За долгие годы милые молодежи словесные игры успели опротиветь адмиралу. И лишь философические наклонности изгнали из ответных слов нотку раздражения.
— Конечно, нет. Зная повесть моей жизни, вы должны понимать причины.
— До глубин. Я прочел и ваше личное дело, и мемуары.
— Как так? — удивился Солово, имея в виду воспоминания. — Мне казалось, что я располагаю единственным экземпляром.
Обернувшись к адмиралу, гость не без сожаления улыбнулся.
— Ну что вы, адмирал, — мягко проговорил он, — кому, как не вам, знать наши пути.
Солово кивнул.
— Вы там, где желаете быть, — произнес он.
— И мы видим все, что хотим видеть, — добавил гость. — Не стесняйтесь, адмирал, ваши мемуары написаны превосходным слогом. Они заслуживают издания для широкой публики.
— Увы, этого никогда не случится, — проговорил Солово, прежде чем уэльсец успел продолжить.
— Естественно, — согласился гость. — Мы не можем этого допустить.
— Итак, я могу проглядеть это «личное дело», поскольку вы читали повествование о тех же событиях в моем изложении?
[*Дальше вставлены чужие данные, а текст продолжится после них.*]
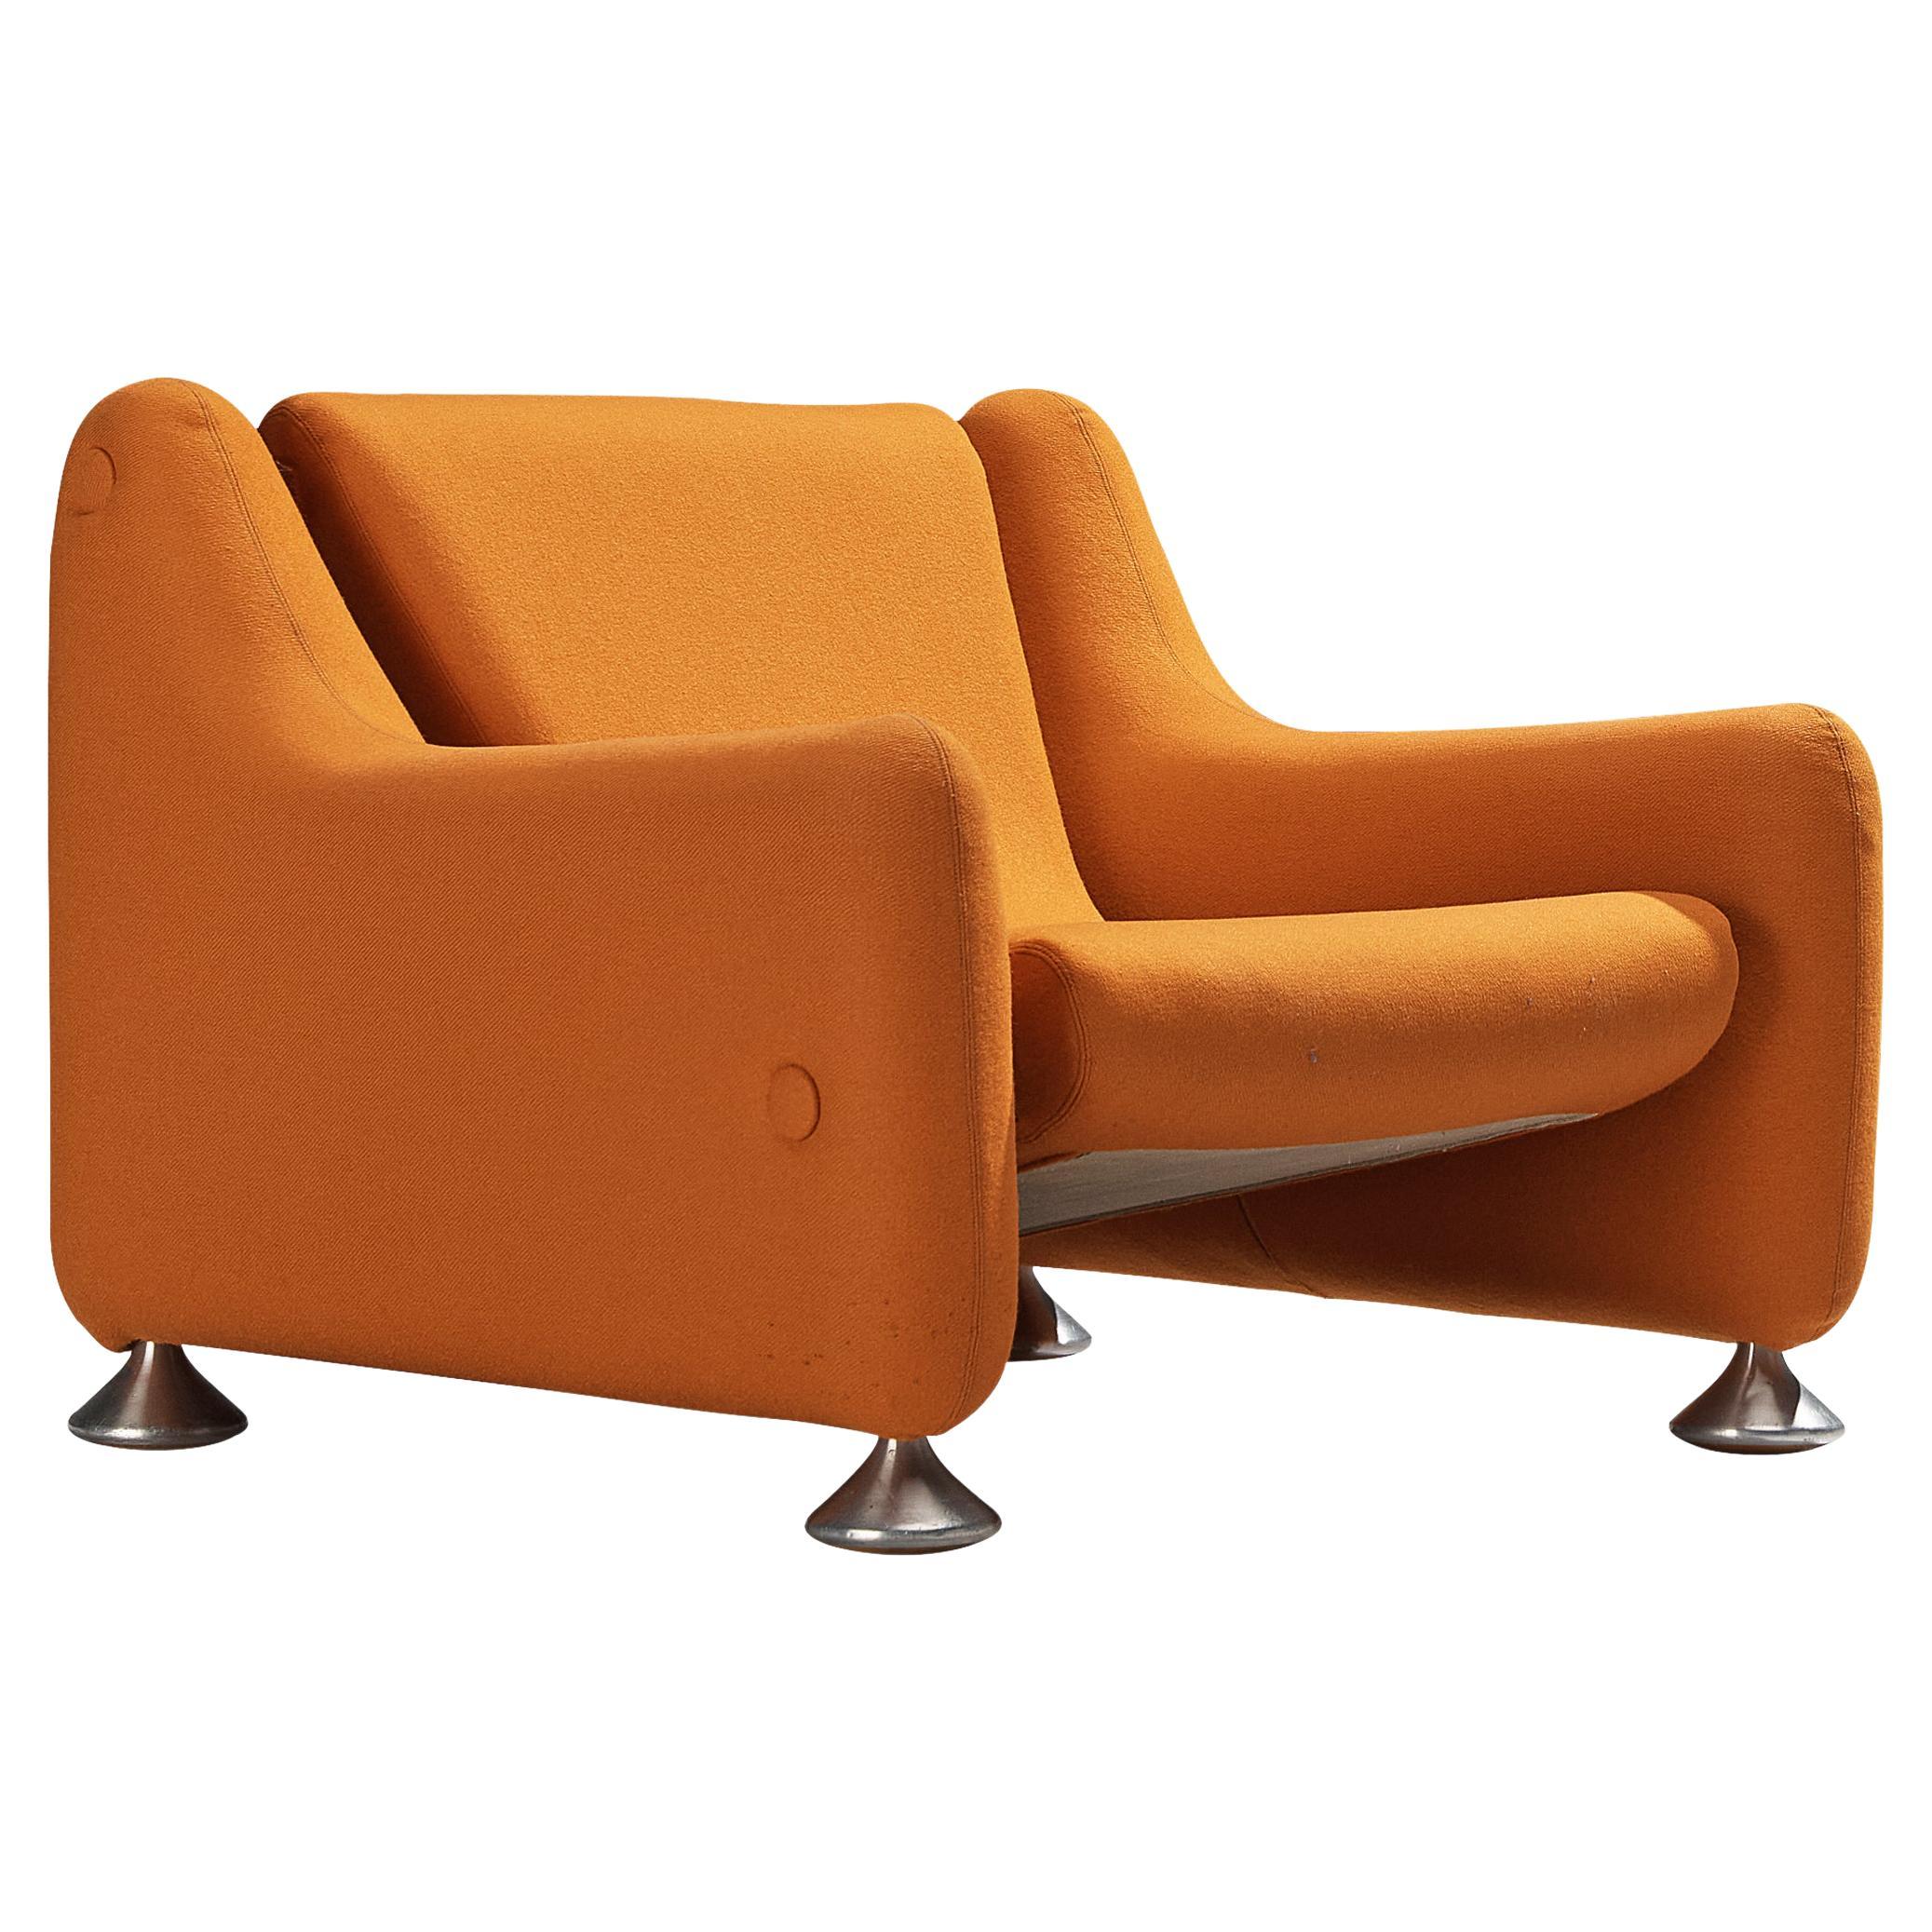 Rare Luigi Colani for Fritz Hansen Lounge Chair in Orange Upholstery For Sale
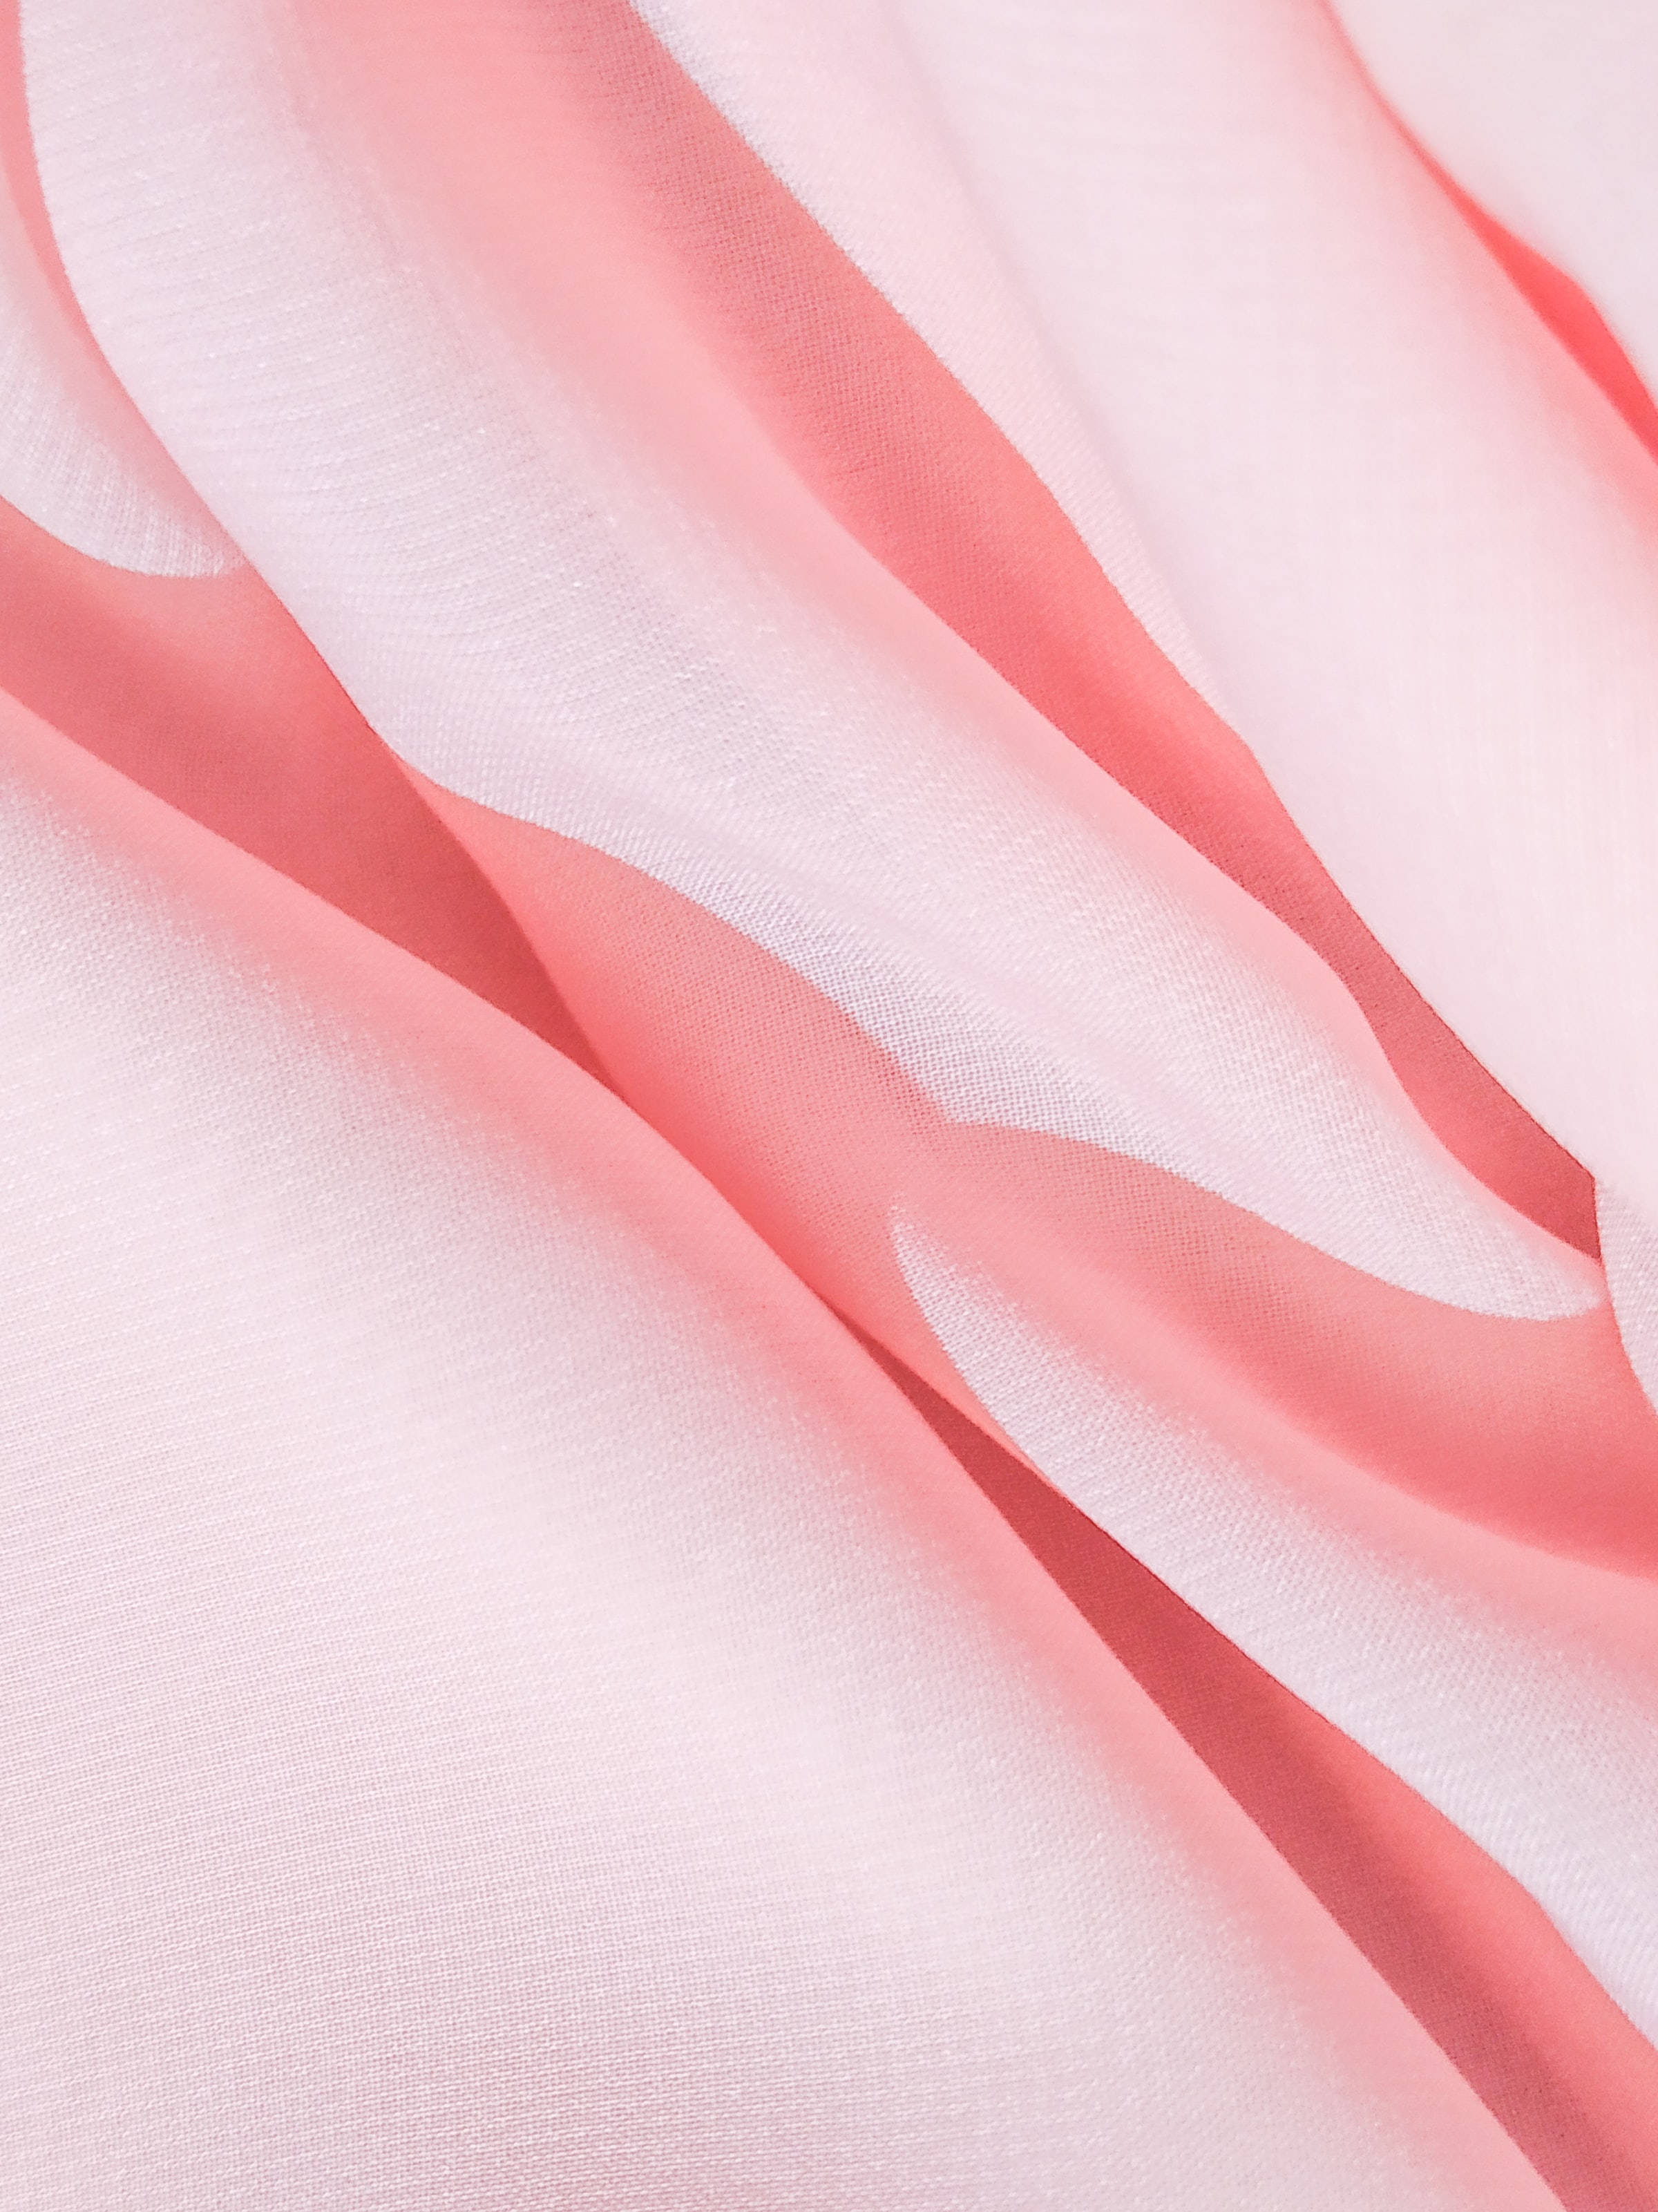 Cute Pink Aesthetic Silk Fabric Texture Wallpaper

— К сожалению, нет, адмирал. Я явился сюда, чтобы ознакомить вас с более полным повествованием, но не с самым подробным. Не сомневаюсь, что вы правильно понимаете меня.
— Но Книга у вас?
— Действительно.
— Это честь для меня.
— Согласен! — воскликнул гость. — За последние несколько столетий аналогичной почести удостаивалась лишь горстка избранных.
— Могу ли я увидеть ее?
Гость задумался.
— Вам еще не приходилось этого делать, не так ли? — спросил он.
— Именно так, — подтвердил адмирал, отворачиваясь. — Впрочем, вопрос этот обсуждался при моем посвящении…
— Словом, вы девственны в подобных вопросах, и посему я бы порекомендовал терпение. Вы можете получить Книгу в подобающее время и, несомненно, понимаете все связанные с этим опасности…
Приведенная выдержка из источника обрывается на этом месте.